So, there's all sorts of issues there around if something is free, then what does that mean for copyright? Is it in the public domain, because anyone could have downloaded it for free, and then what can they do with it? So, it's really interesting.

The UK media have slightly got the wrong end of the stick, as always. They claim that these books on Smashwords equate to unpublished works. That because they were available for free, that means that they are unpublished, which is, as far as I'm aware, a strange definition of the word published. It's clearly interesting that things that are freely available or available for free are being treated as the same.

Howard Lovy: Right. It's available for free for you and me, but not for OpenAI. It doesn't make a lot of sense.

Dan Holloway: Yeah, so it comes down to this question of what copyright is again. Is it, I'm making it freely available for you to read, but I'm not necessarily making it freely available for you to do other things with.

I mean, it's enshrined in the principle of creative commons, for example, the non-commercial attribution, whether you can alter it, and so on. So, it's a really interesting question, what can books that are available for free, or have been downloaded, or have been bought, what can you do with them?

But if they've been using books from Smashwords, then that's quite a serious allegation.

Howard Lovy: Right. Now, meanwhile mainstream authors are up in arms and are signing petitions, urging AI companies to stop using their work without permission. There seems to be a consensus among many authors that this is all a bad thing, but that's not necessarily the whole story.

I don't know, I'm of two minds about the whole thing. What's your take on it?

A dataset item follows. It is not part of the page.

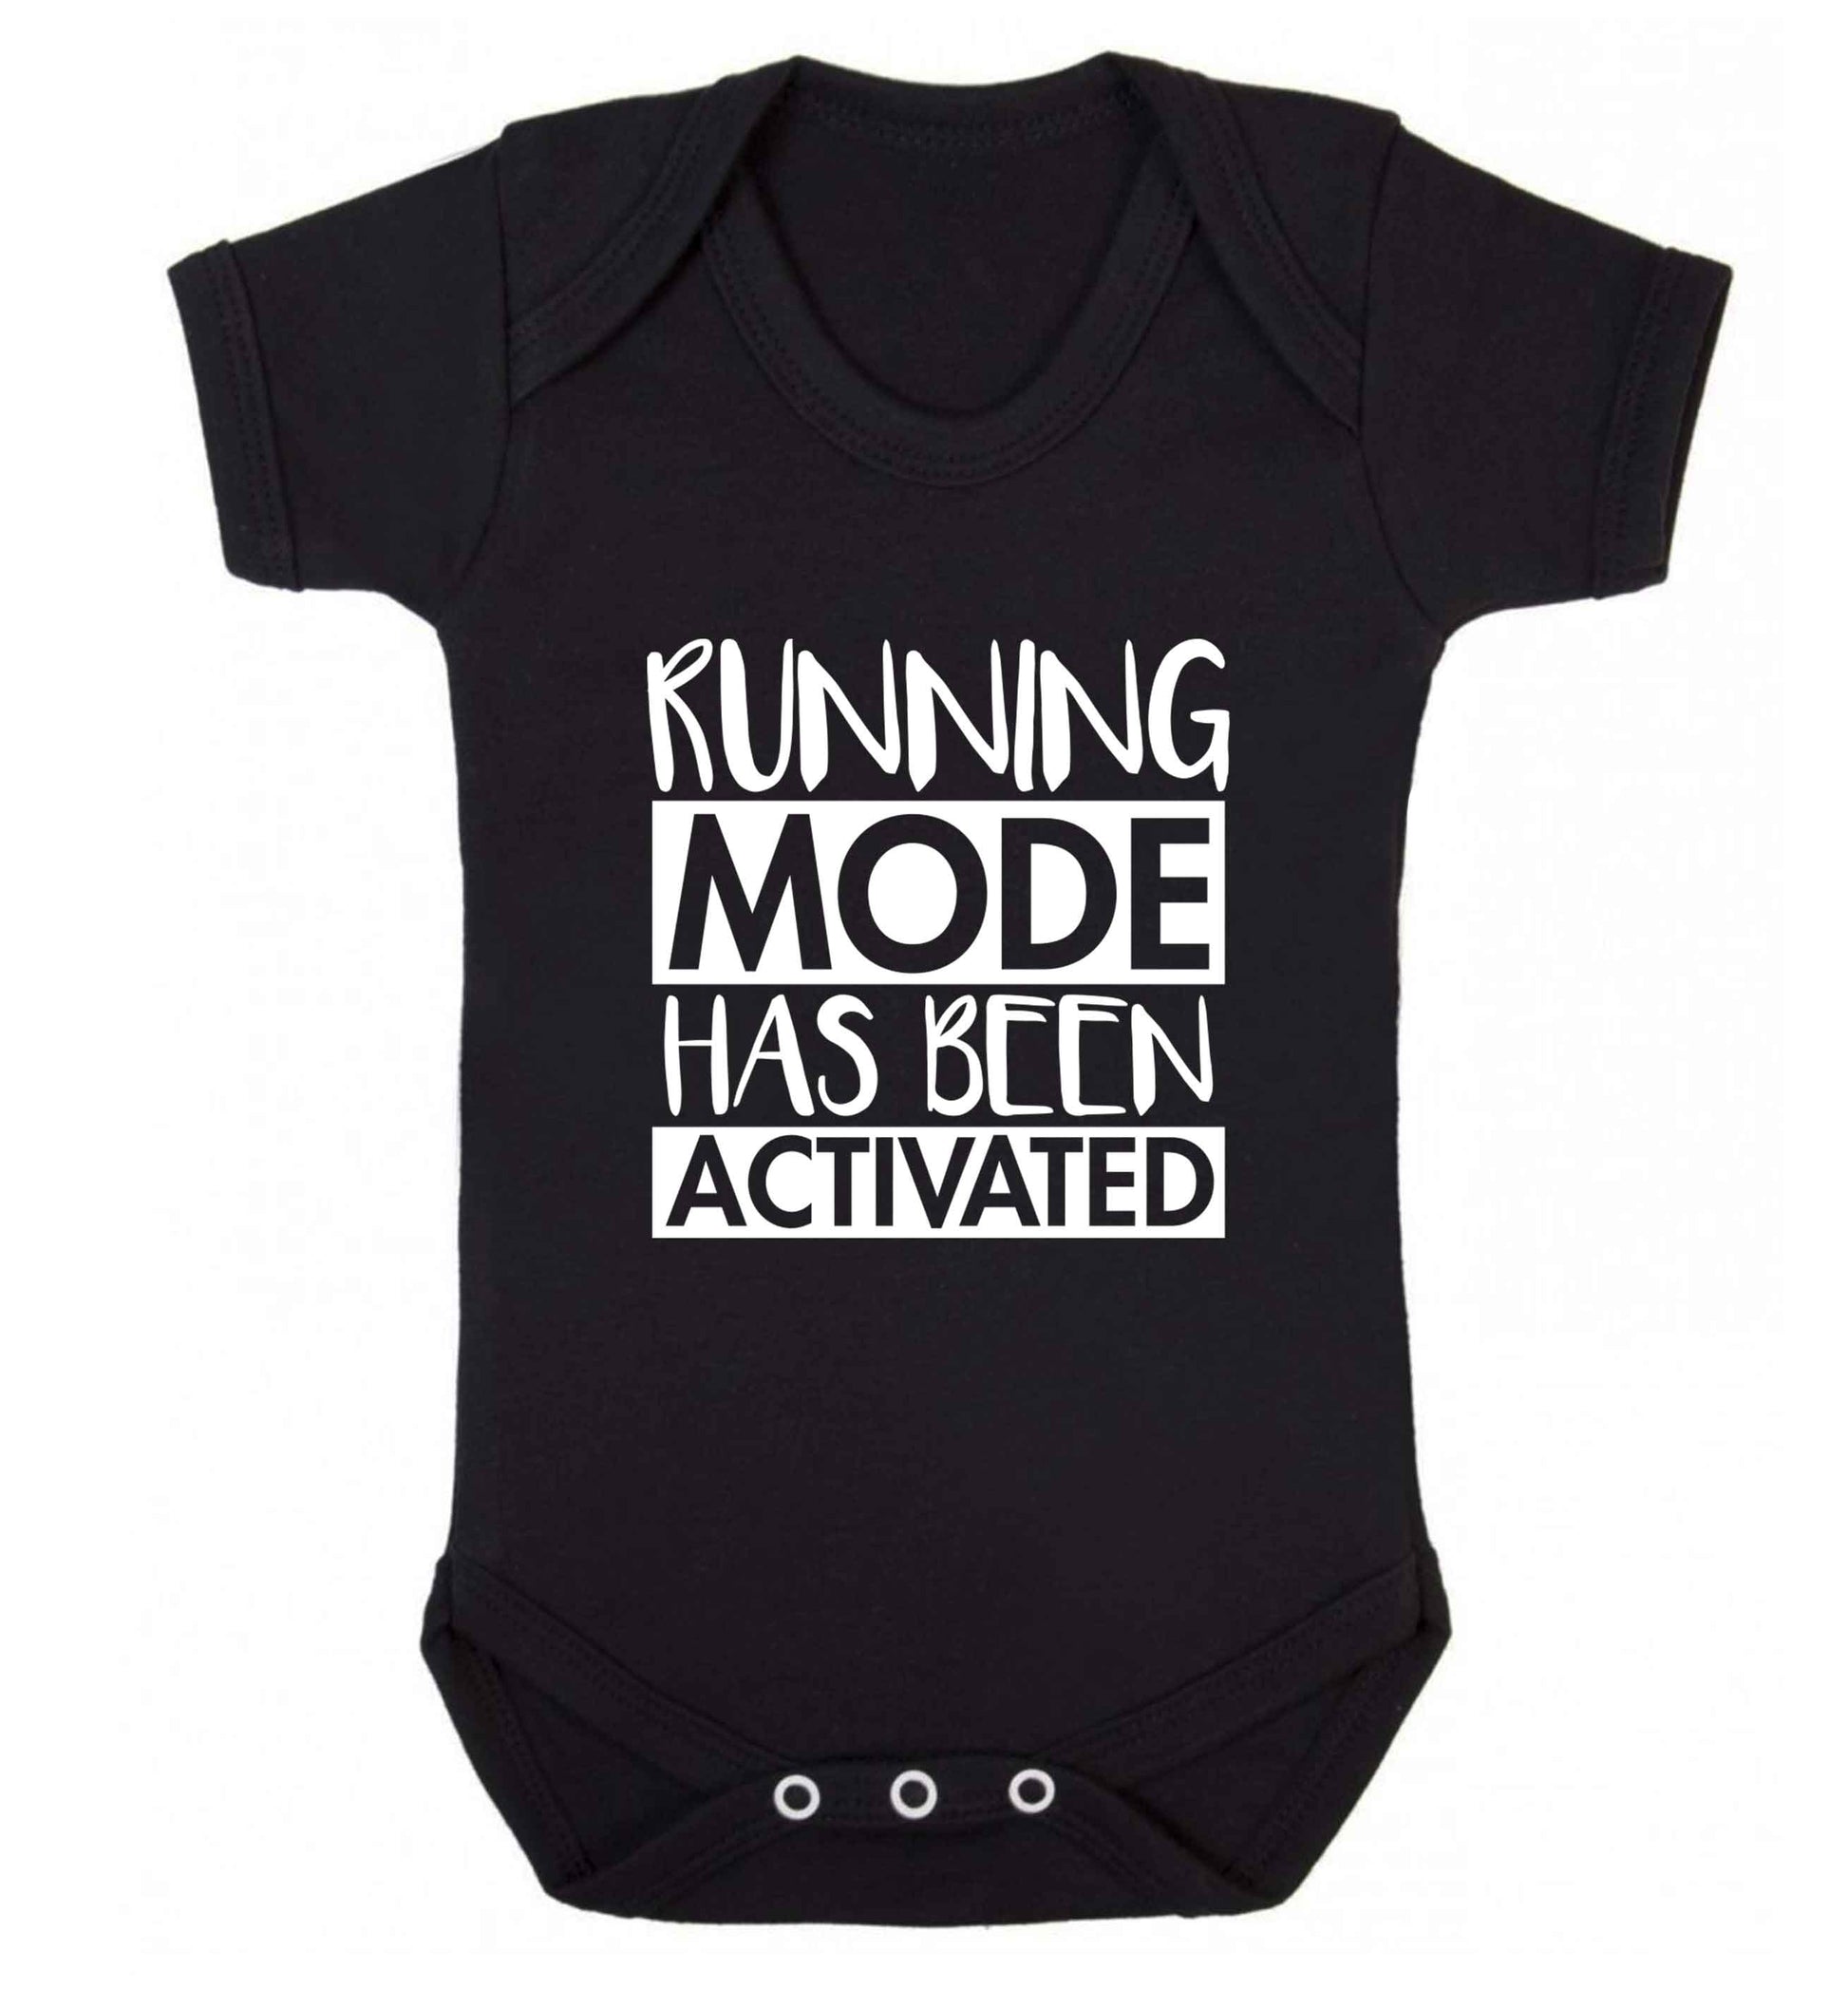 Running mode has been activated baby vest black 18-24 months

Dan Holloway: Yeah. So, the Writers Guild of Great Britain have just published a think-piece on this as well, which I'm reporting on this week's column. It's full of things. Yes, the demands they're making make sense; they're exactly what you would expect in this content. They want transparency about what is being used to feed AI. They want human checks and balances to make sure that it's being used properly. The central argument of it seems to be, and this is another thing that strikes me as slightly odd, that the AI will never be able to replicate the truly human, and that's always strikes me as a strange thing to put into an argument piece like this. That AI can do very important things and very valuable things, but it will never be able to replicate human originality. That doesn't seem to fit with, therefore we ought to control it and we ought to stop it doing various things. It seems like there's a bit of a muddle with what people are saying about it.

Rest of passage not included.